=== YOUR GOAL ===
Every line below is to be given again precisely; images are to be left out.

Start of SUPPLIED INFORMATION

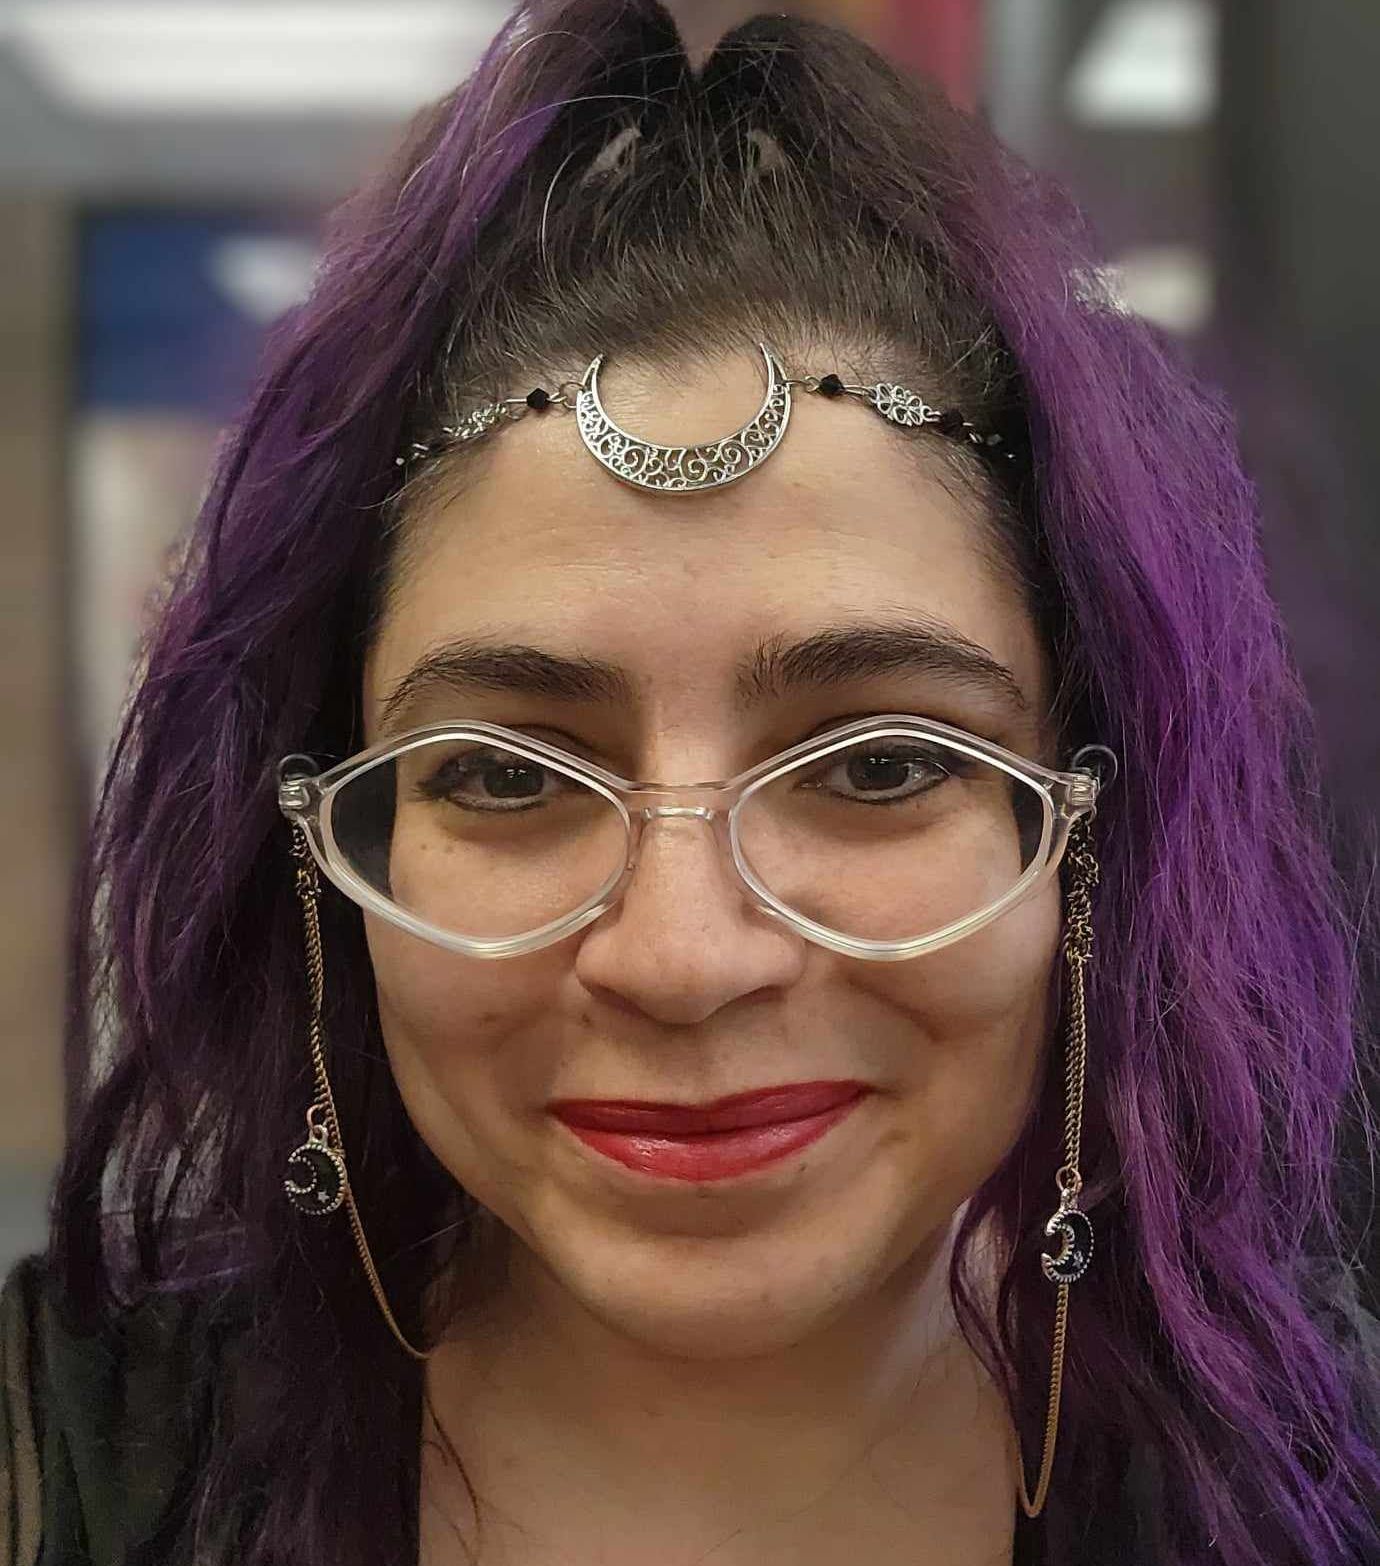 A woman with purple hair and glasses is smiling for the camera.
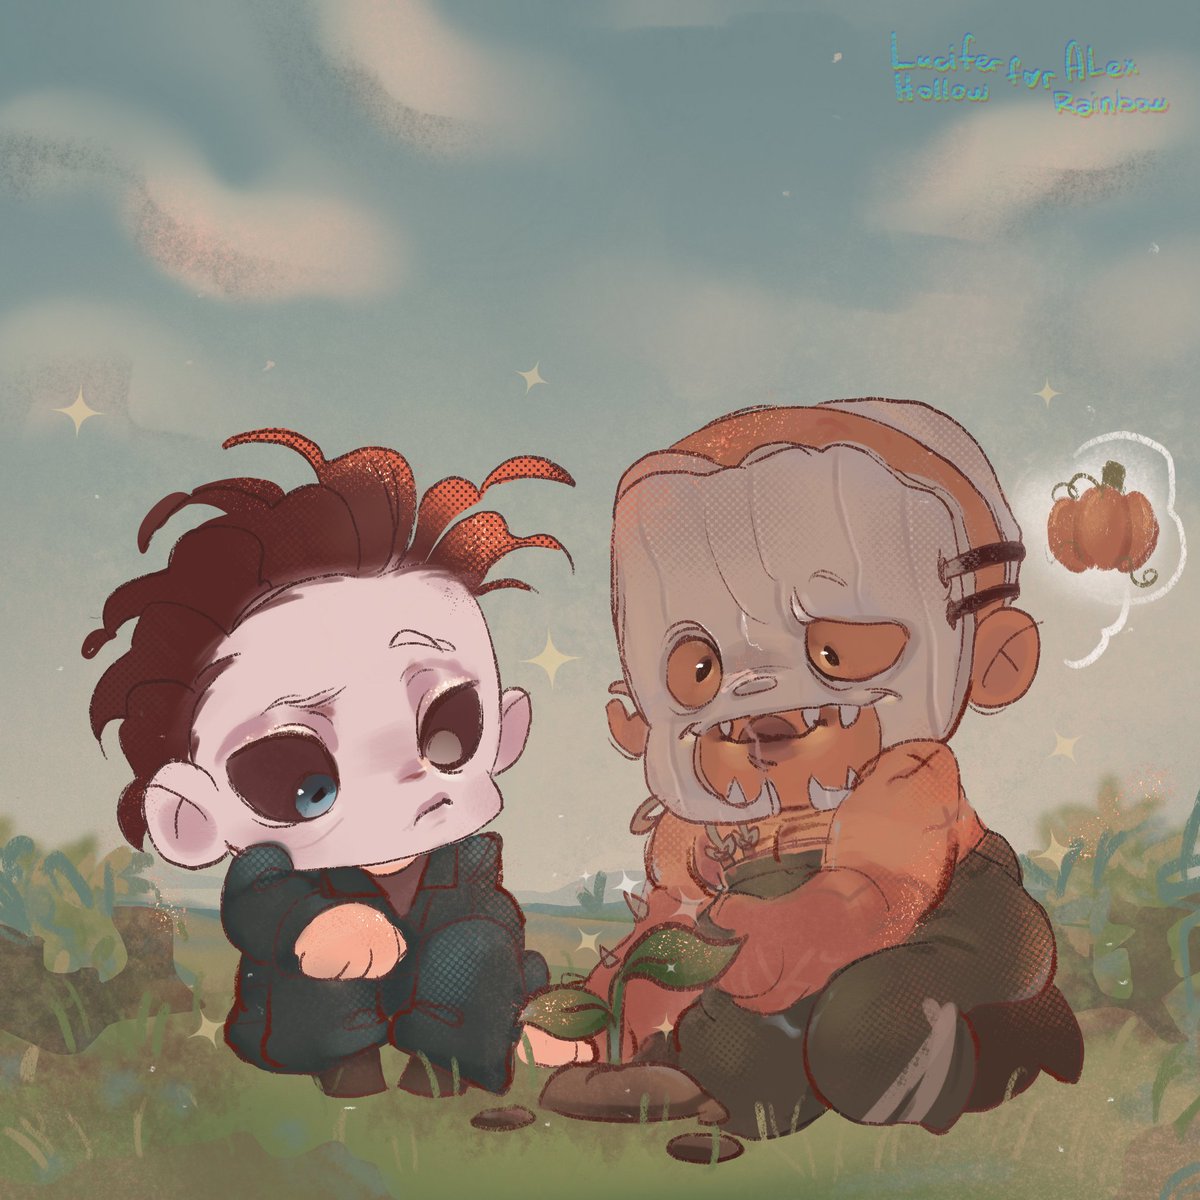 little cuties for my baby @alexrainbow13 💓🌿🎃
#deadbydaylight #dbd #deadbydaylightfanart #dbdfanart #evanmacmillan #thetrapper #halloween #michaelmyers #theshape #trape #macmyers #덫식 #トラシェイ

End of SUPPLIED INFORMATION

=== SOLUTION TO THE PROBLEM ===
 A woman with purple hair and glasses is smiling for the camera.
 little cuties for my baby @alexrainbow13 💓🌿🎃
#deadbydaylight #dbd #deadbydaylightfanart #dbdfanart #evanmacmillan #thetrapper #halloween #michaelmyers #theshape #trape #macmyers #덫식 #トラシェイ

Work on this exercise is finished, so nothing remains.